EXERCISE DATA section start
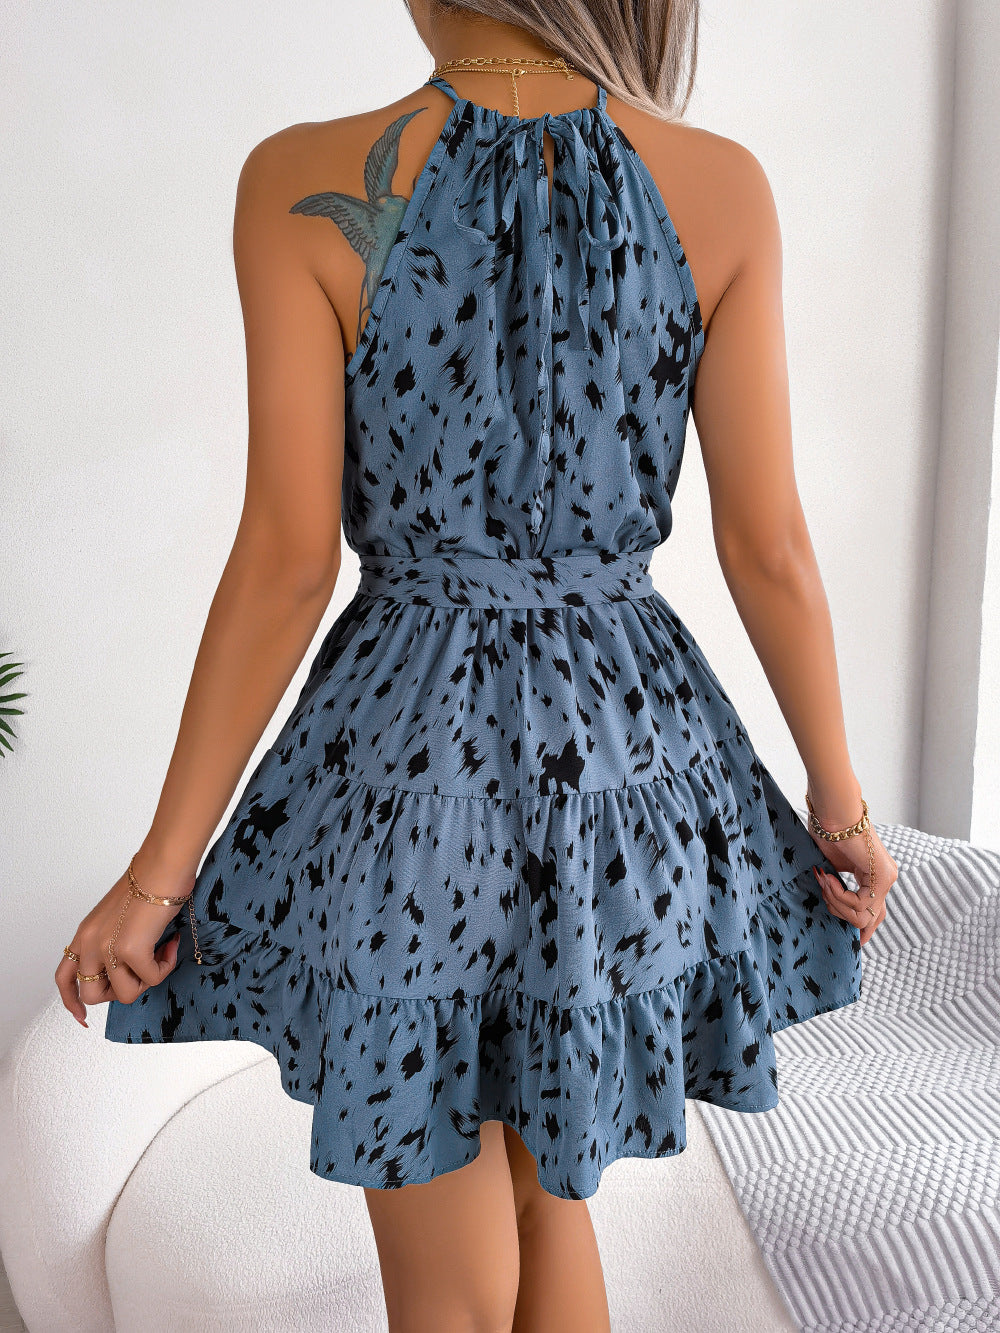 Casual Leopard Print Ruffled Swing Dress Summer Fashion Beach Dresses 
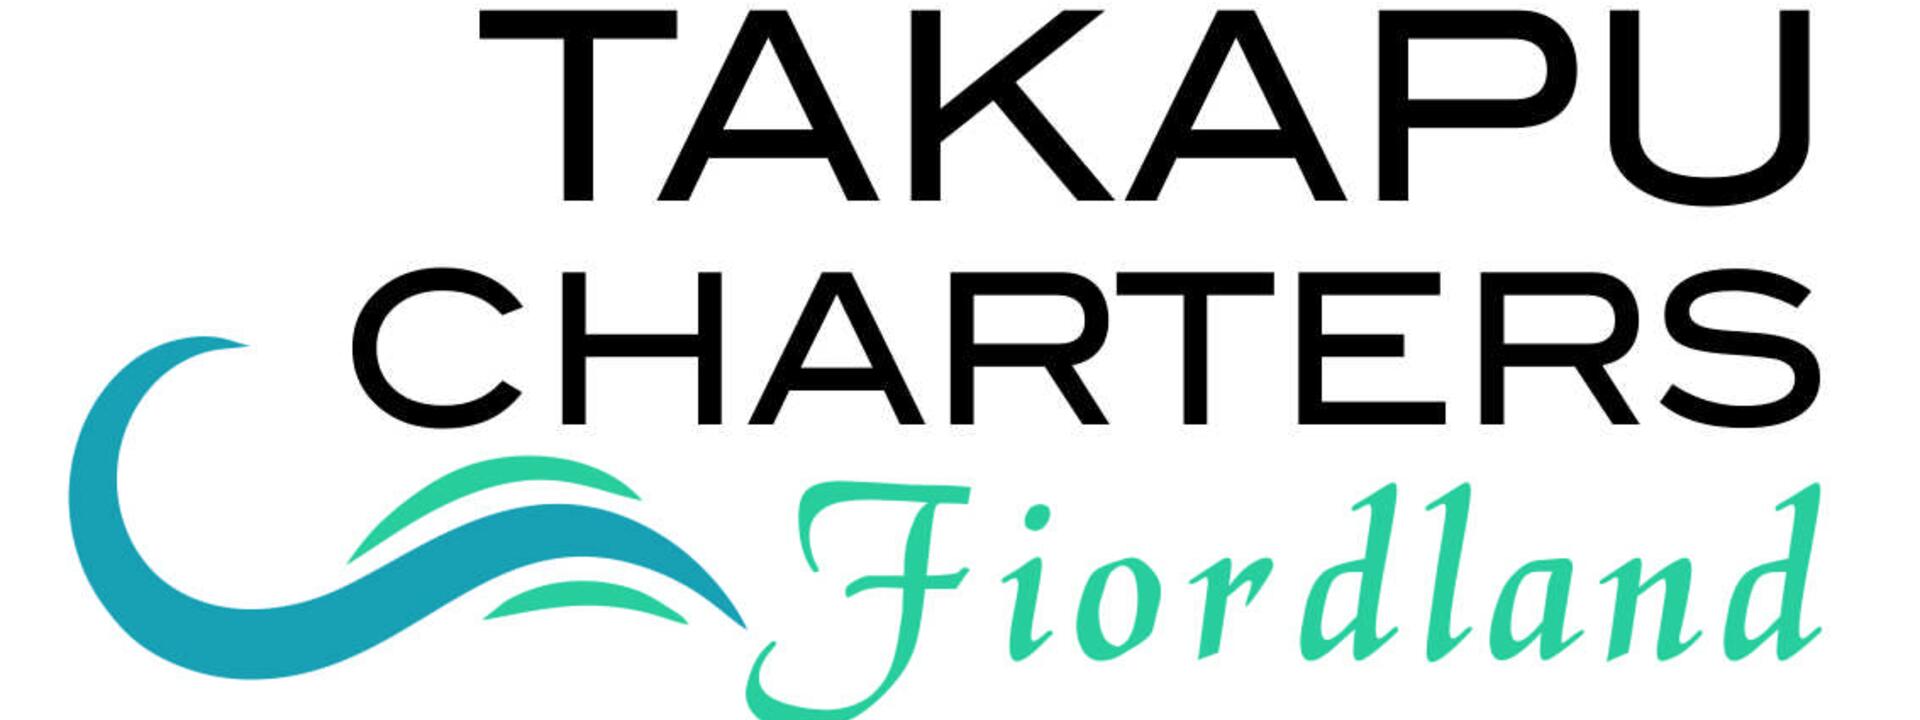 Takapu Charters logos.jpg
EXERCISE DATA section end
EXERCISE DATA section start
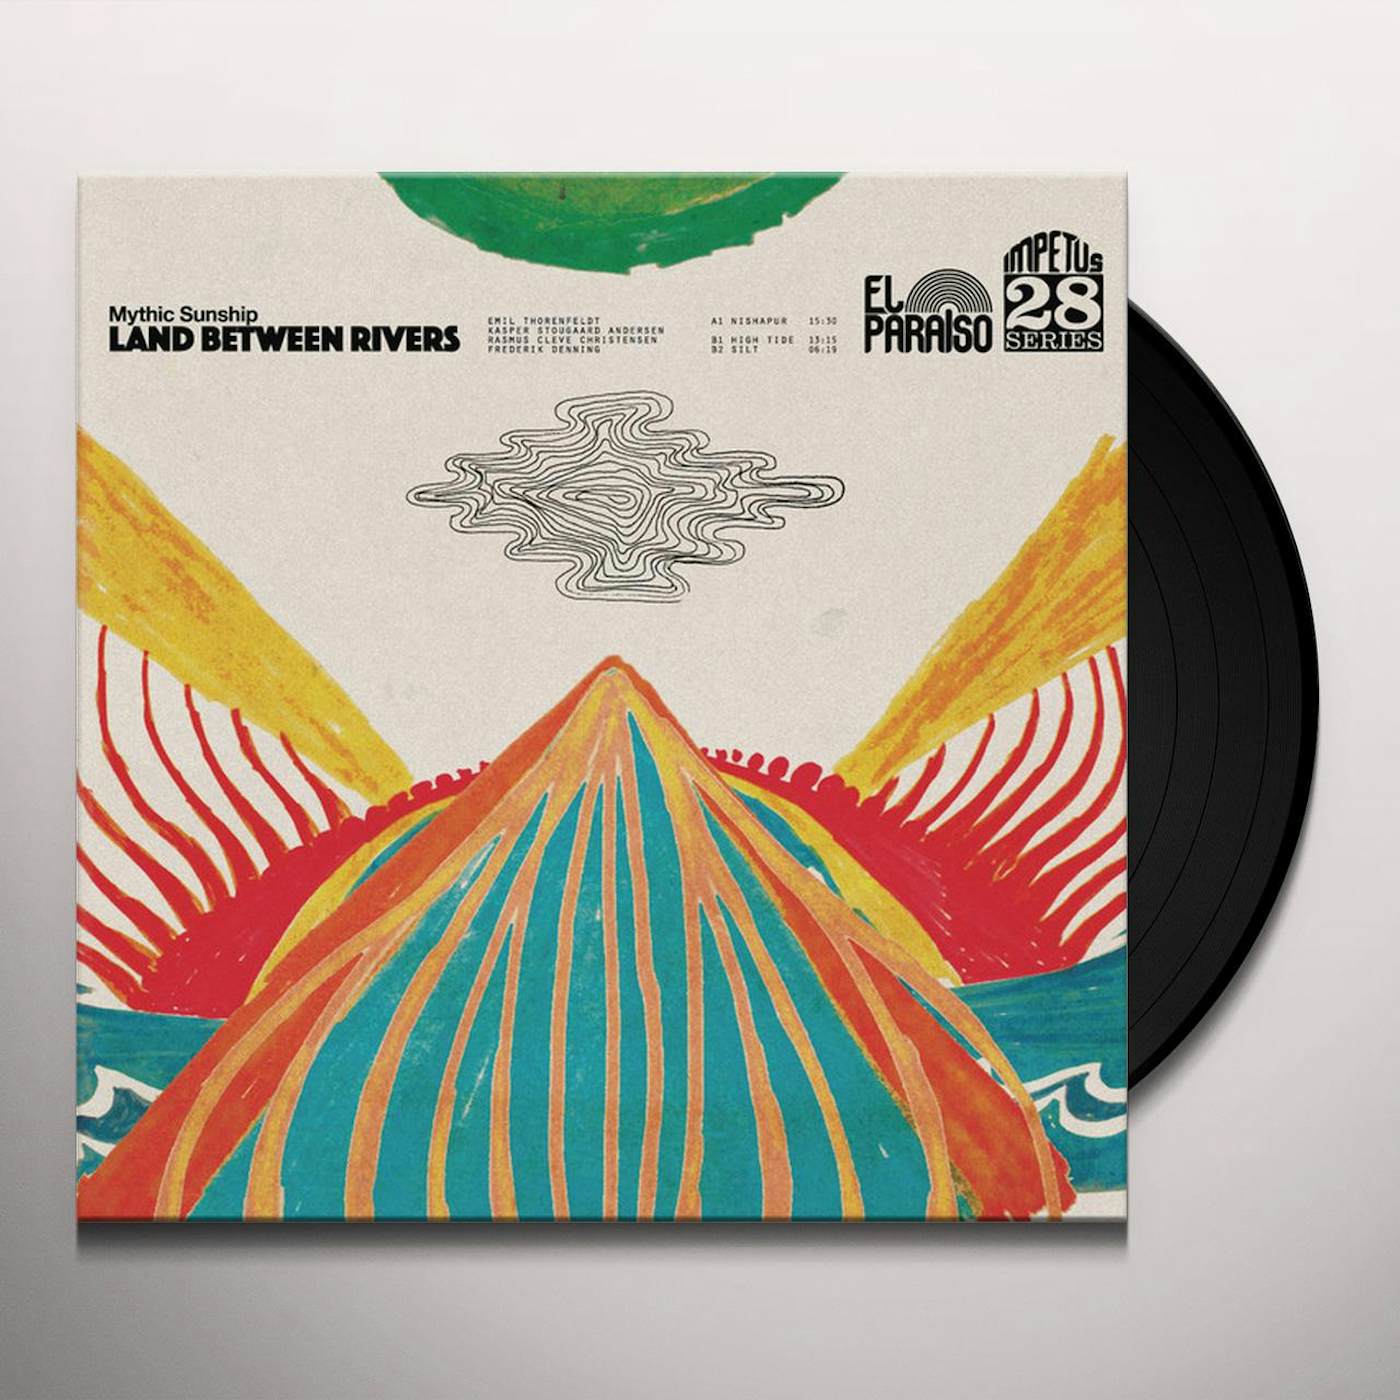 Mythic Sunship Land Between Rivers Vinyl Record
EXERCISE DATA section end
EXERCISE DATA section start
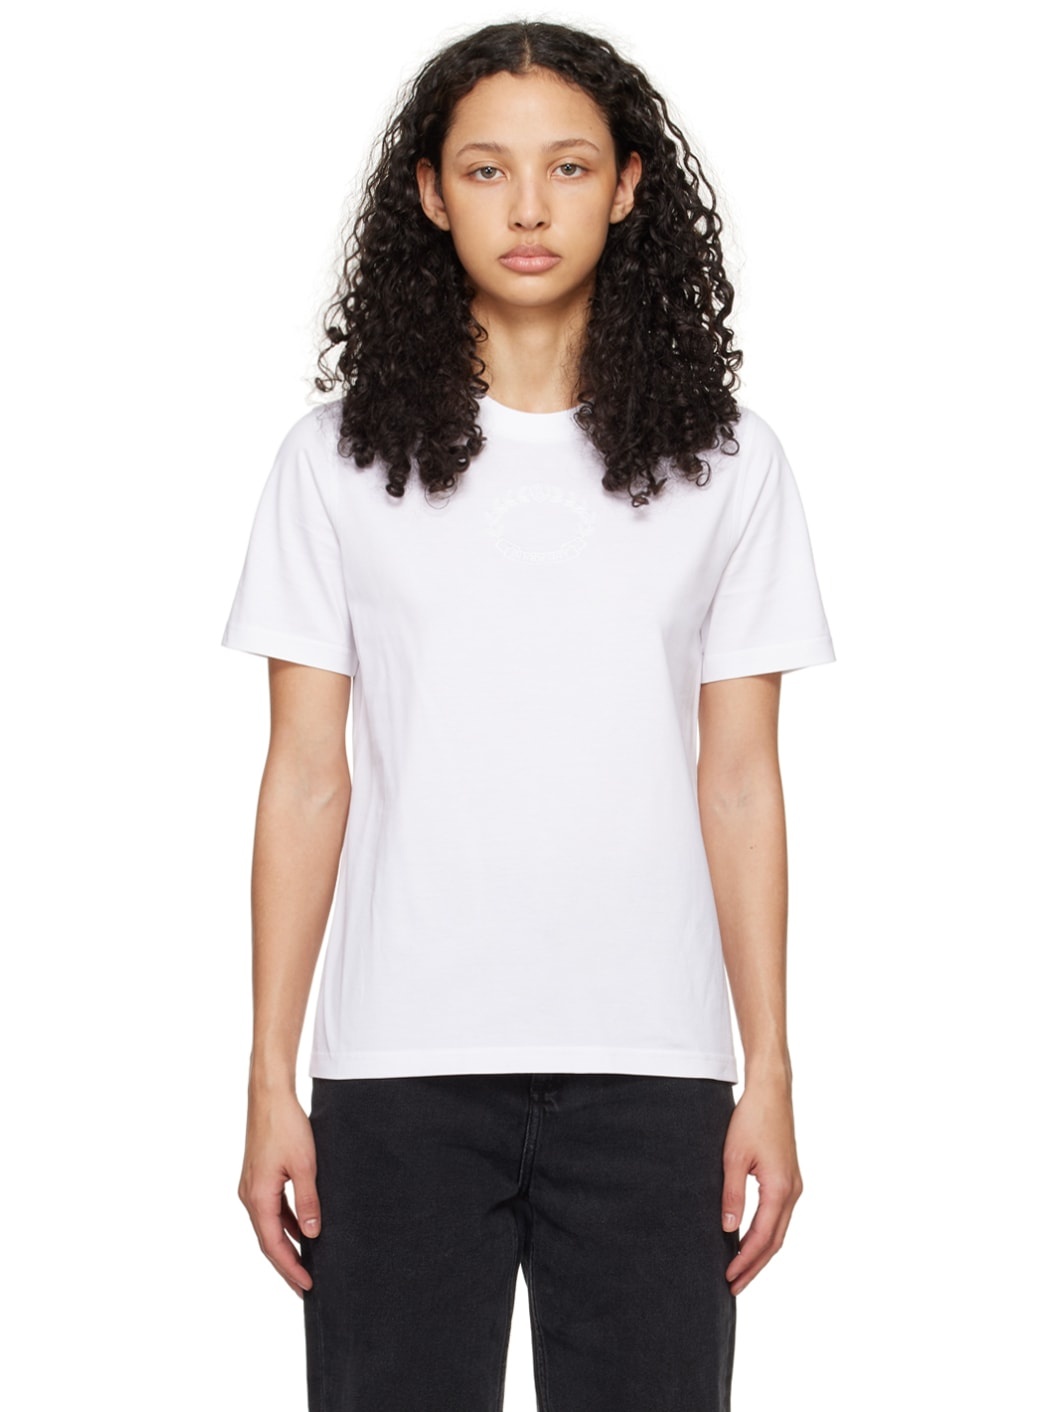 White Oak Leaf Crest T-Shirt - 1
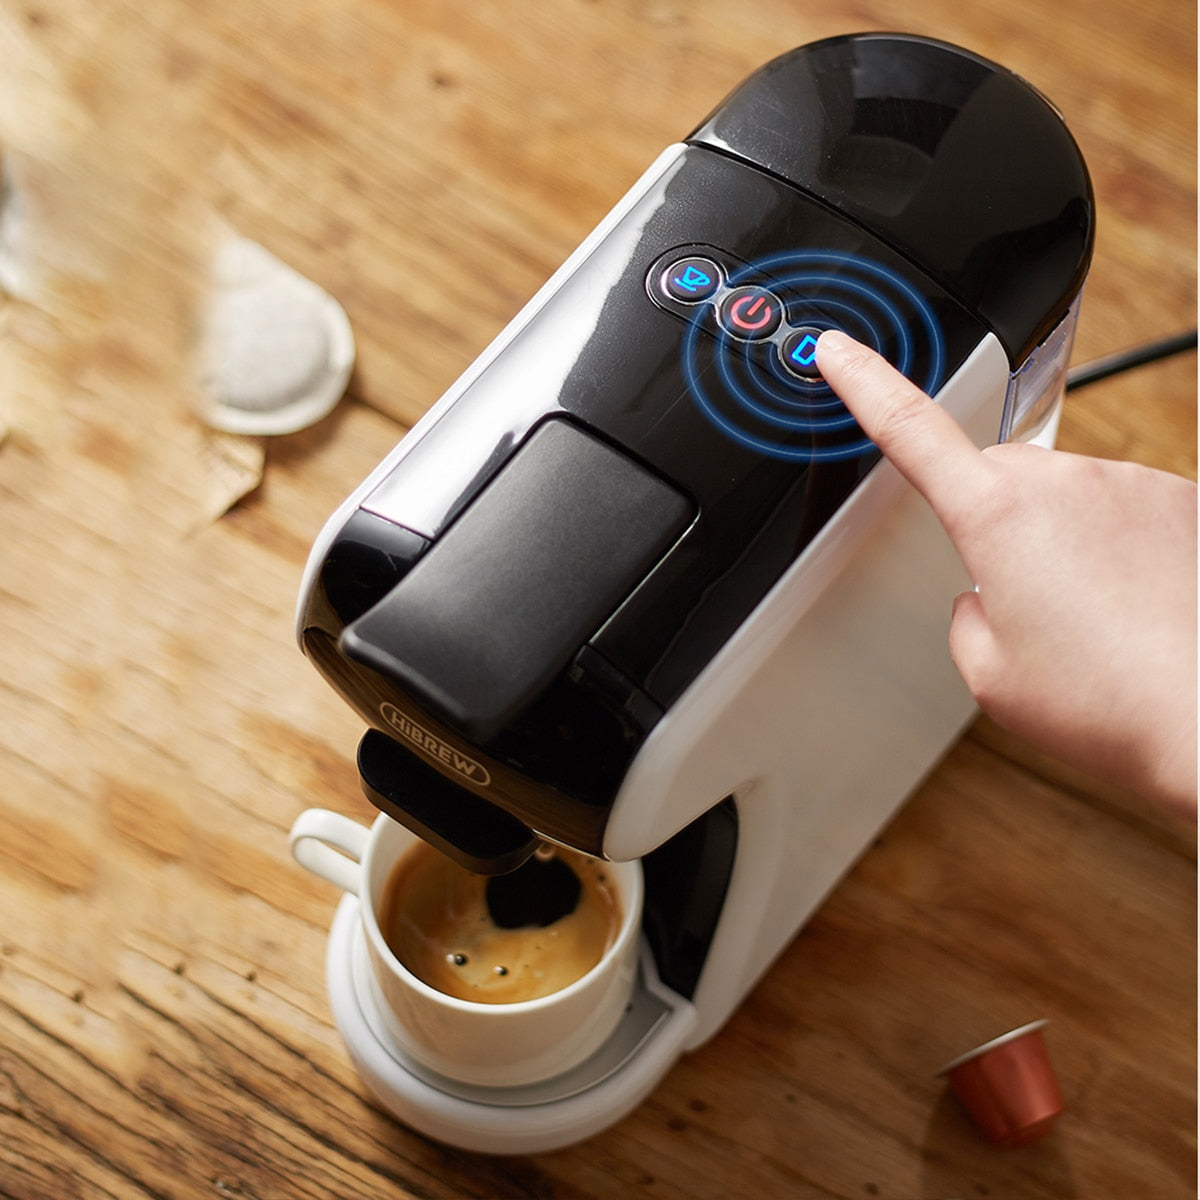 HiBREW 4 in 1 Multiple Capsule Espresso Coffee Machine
EXERCISE DATA section end
Return exactly the part of the listing above that opens with the line containing "White Oak Leaf Crest T-Shirt - 1" and closes with the line containing "HiBREW 4 in". Pictures stay out.

◆ ANSWER TO THE PROBLEM
 White Oak Leaf Crest T-Shirt - 1
 HiBREW 4 in 1 Multiple Capsule Espresso Coffee Machine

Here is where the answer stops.